Its first targets are the seven heads of state, which it introduces as "Aho Shuno" (fool leaders). It then ranks Shinzo Abe and his six peers in terms of world influence (Abe is rated 5th, after Angela Merkel, Barack Obama, David Cameron and Francois Hollande, but ahead of Canada's Justin Trudeau and Italy's Matteo Renzi); involvement in scandals (also 5th place, with Obama and Trudeau at the bottom); and education levels (as opposed to leaders who matriculated at Oxford, Columbia and Lepizig, Abe's degree from Seikei University puts him at rock bottom).
Having thus vented its spleen at leaders of the free world, the magazine then turns its target on the host's choice of venue. Mie Prefecture, it grumbles, is an "undeveloped country with zero appeal."
Out of numerous other candidates to host the meet -- including Sendai, Niigata, Hamamatsu, Nagoya, Kobe and Hiroshima -- why on earth, the magazine wants to know, did Abe pick Mie? The ostensible reason was "Its boasting the Ise Grand Shrine, Ise City and Ise-Shima will allow the world’s top leaders to have firsthand experience with Japan’s nature, core culture and traditions."
But the magazine believes that Abe clearly wanted to push Ise City and its Grand Shrine out of his own patriotic, rightist sentiments. Unfortunately, claims concerning the historical importance of the Ise Grand Shrine are spurious, the magazine alleges.
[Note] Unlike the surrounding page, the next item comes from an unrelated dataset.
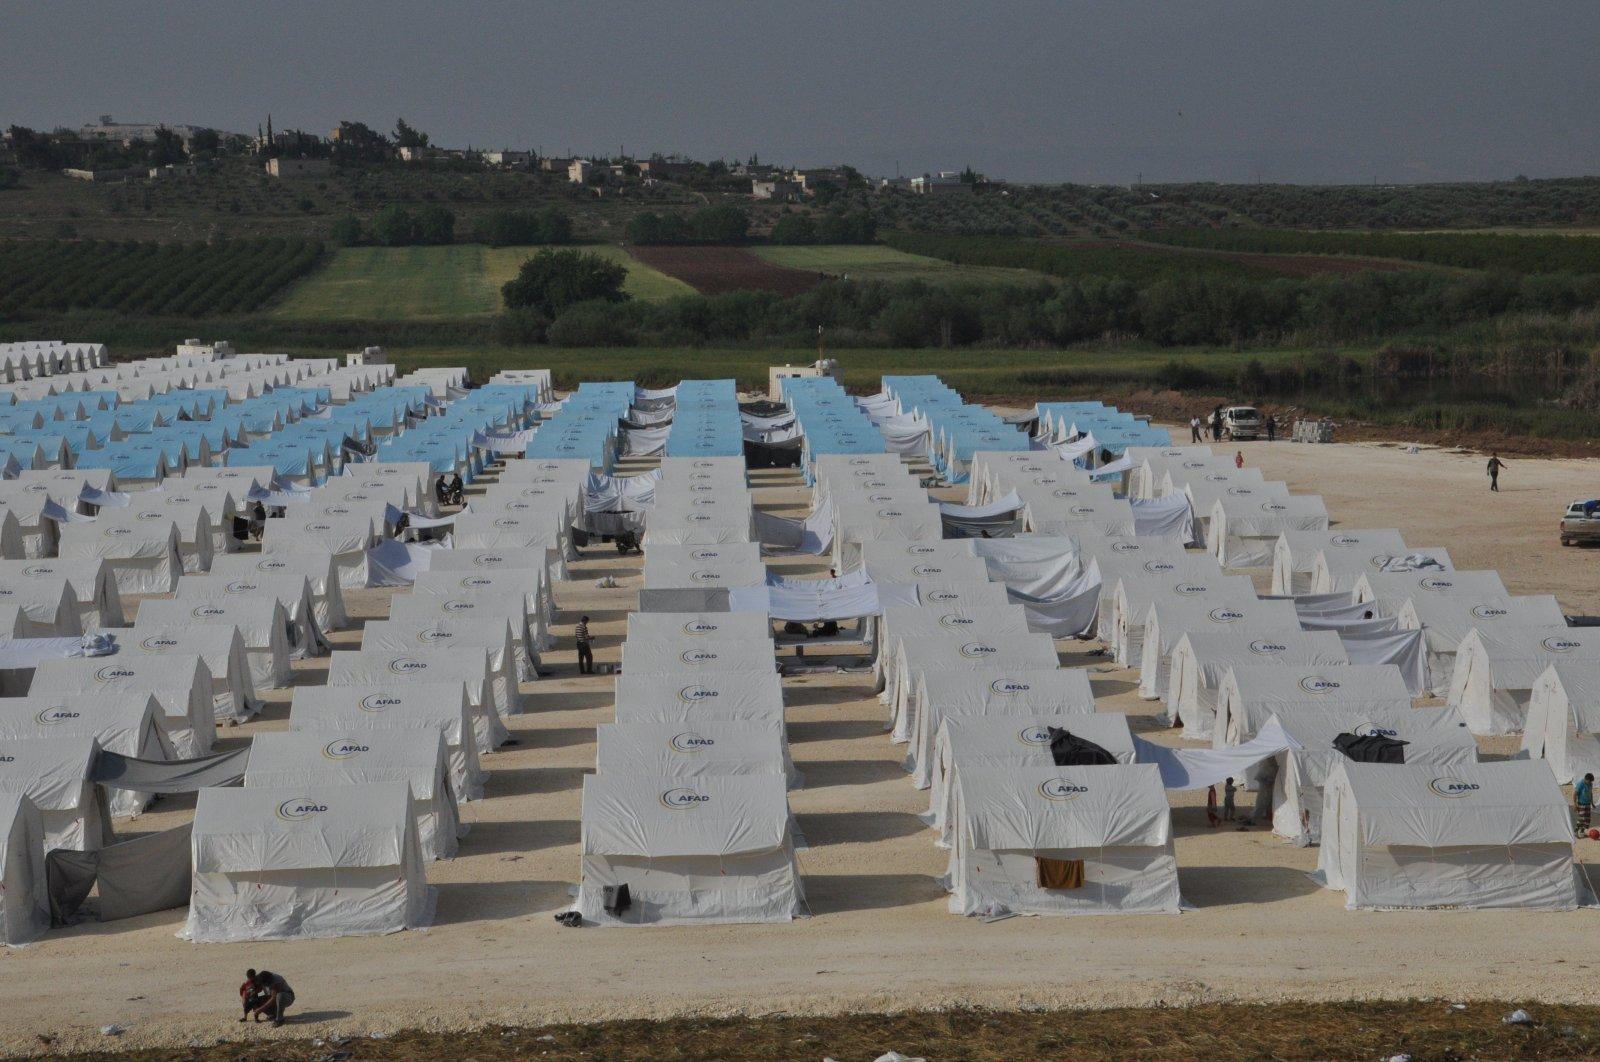 AFAD refugee camp in Syria's Afrin province (IHA File Photo)

So-called "Kokka Shinto" (State Shinto) was only first given legal status in the Meiji Constitution of 1889, and lasted just five and a half decades, until the end of the Pacific War. Once the Allied occupation ordered State Shinto dissolved (and obliged the emperor to deny his divinity), the shrine lost its influence as one of the key props supporting Japan's prewar imperialist nationalism.
So what, then, was Abe really thinking when coming up with the idea to escort world leaders there and magnanimously invite them to clap their hands in worship? Even if the simple or naïve regard the shrine as a "power spot," or a place that will provide visitors with psychological healing, it's ludicrous to think such a visit will have any impact on foreign movers and shakers. One might just as well escort them to a field of pretty flowers instead.
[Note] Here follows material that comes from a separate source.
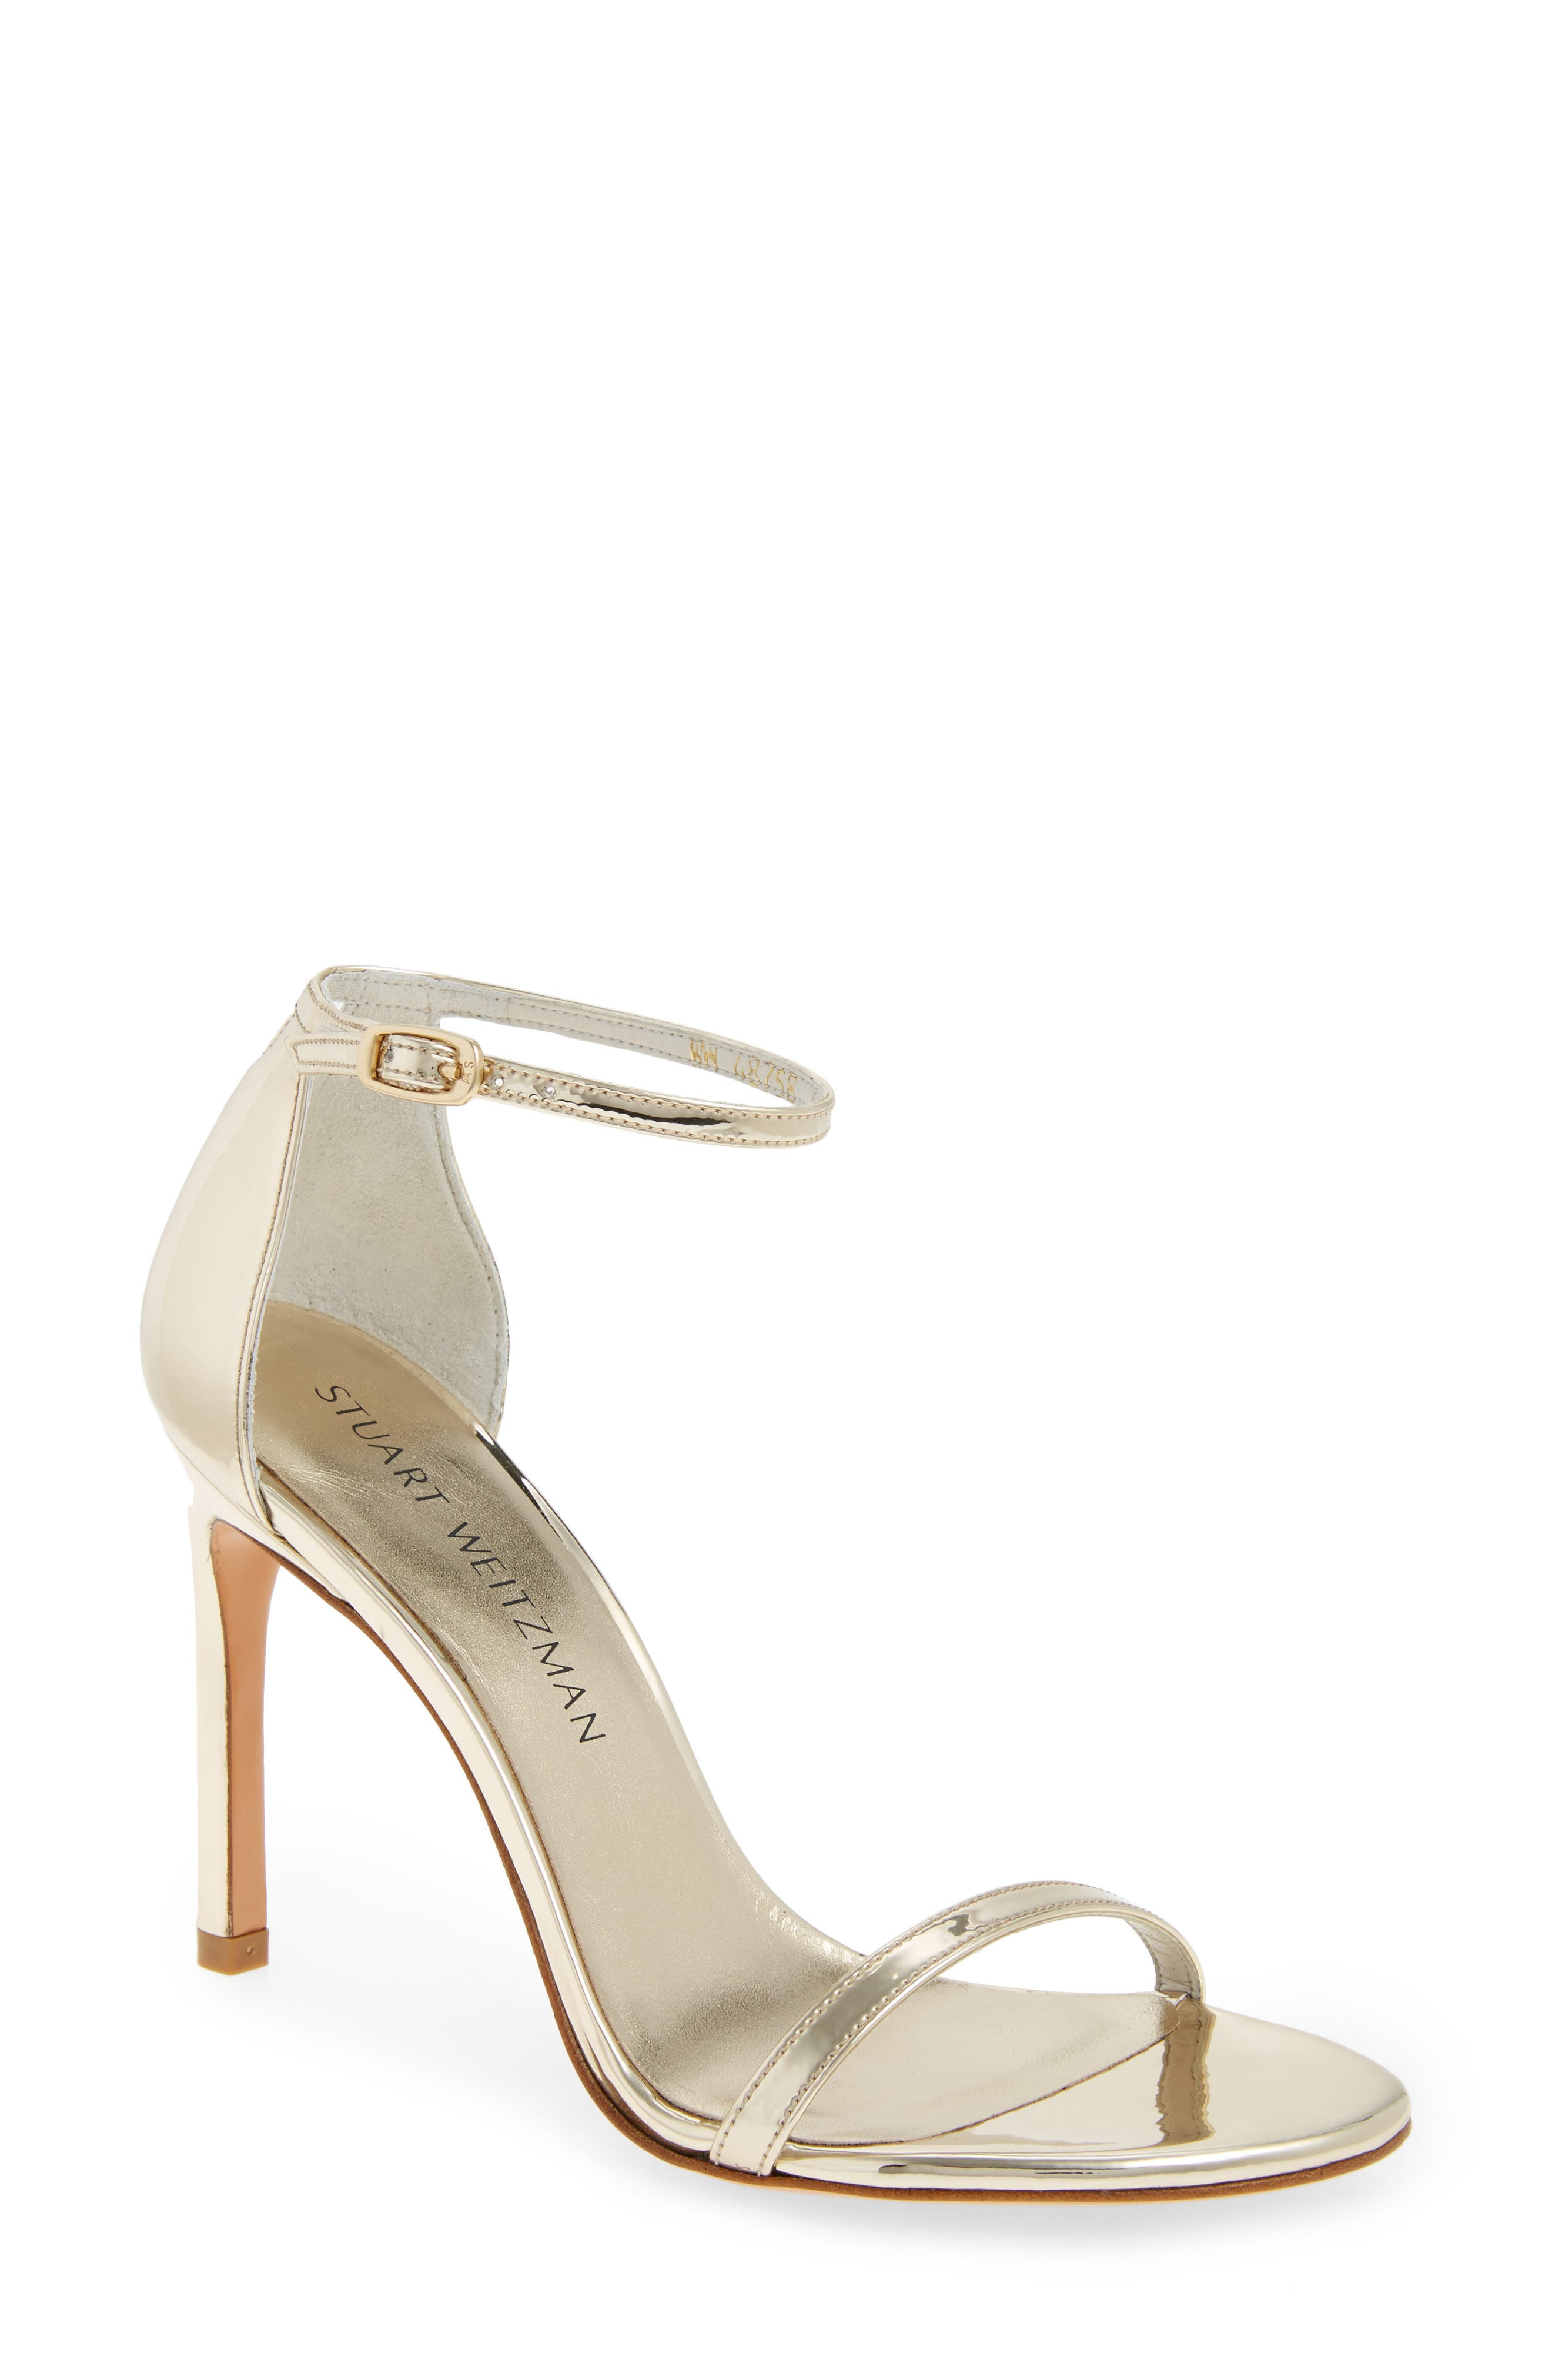 Main Image - Stuart Weitzman Nudistsong Ankle Strap Sandal (Women)

And as for industries that make Mie a major player in the world of trade and industry, well, there are some big, smokey chemical processing plants in Yokkachi -- which provide jobs (and asthma) for nearby residents -- and not much else. Sharp was enticed to build its Kameyama plant through Mie prefectural and Kameyama City government subsidies that came to 13.5 billion yen. These outlays brief promised prosperity, but soon afterward Sharp's fortunes plunged and the company now belongs to a Taiwanese.
In terms of agriculture, Mie used to be famous as the origin of succulent Matsuzaka beef, but after 2002, the steers were downgraded in quality and a cheap grade of cuts, designated C-1, makes up a vast majority of production.
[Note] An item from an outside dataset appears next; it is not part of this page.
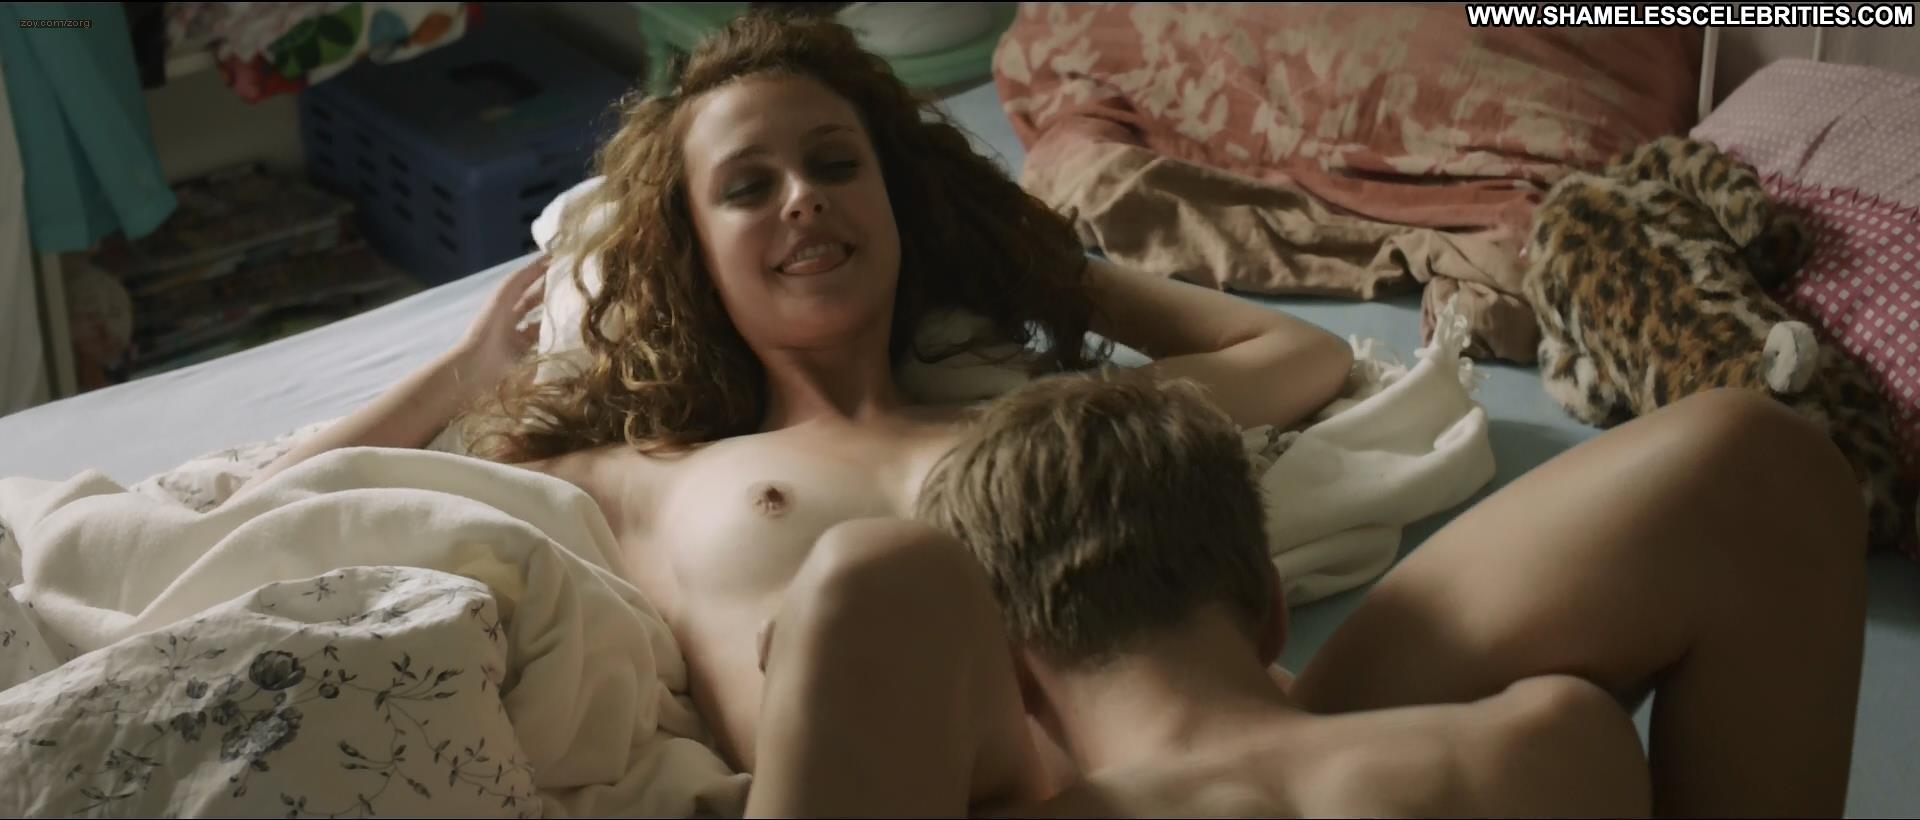 Free Porn Videos Hardcore Adult Sex Movies Porno Hub Tube

Even retailing giant Aeon, Japan's biggest supermarket chain -- established in Yokkaichi with roots going back to 1758 -- long ago outgrew Mie and eventually moved its corporate headquarters to Chiba.
Mie is also home to the Suzuka racing circuit, but Formula 1 isn't as popular as it once was. The Kumano Kodo, the path used from ancient times by Buddhist pilgrims and part of an area registered as a World Heritage Site in 2004 is too remote to attract many visitors.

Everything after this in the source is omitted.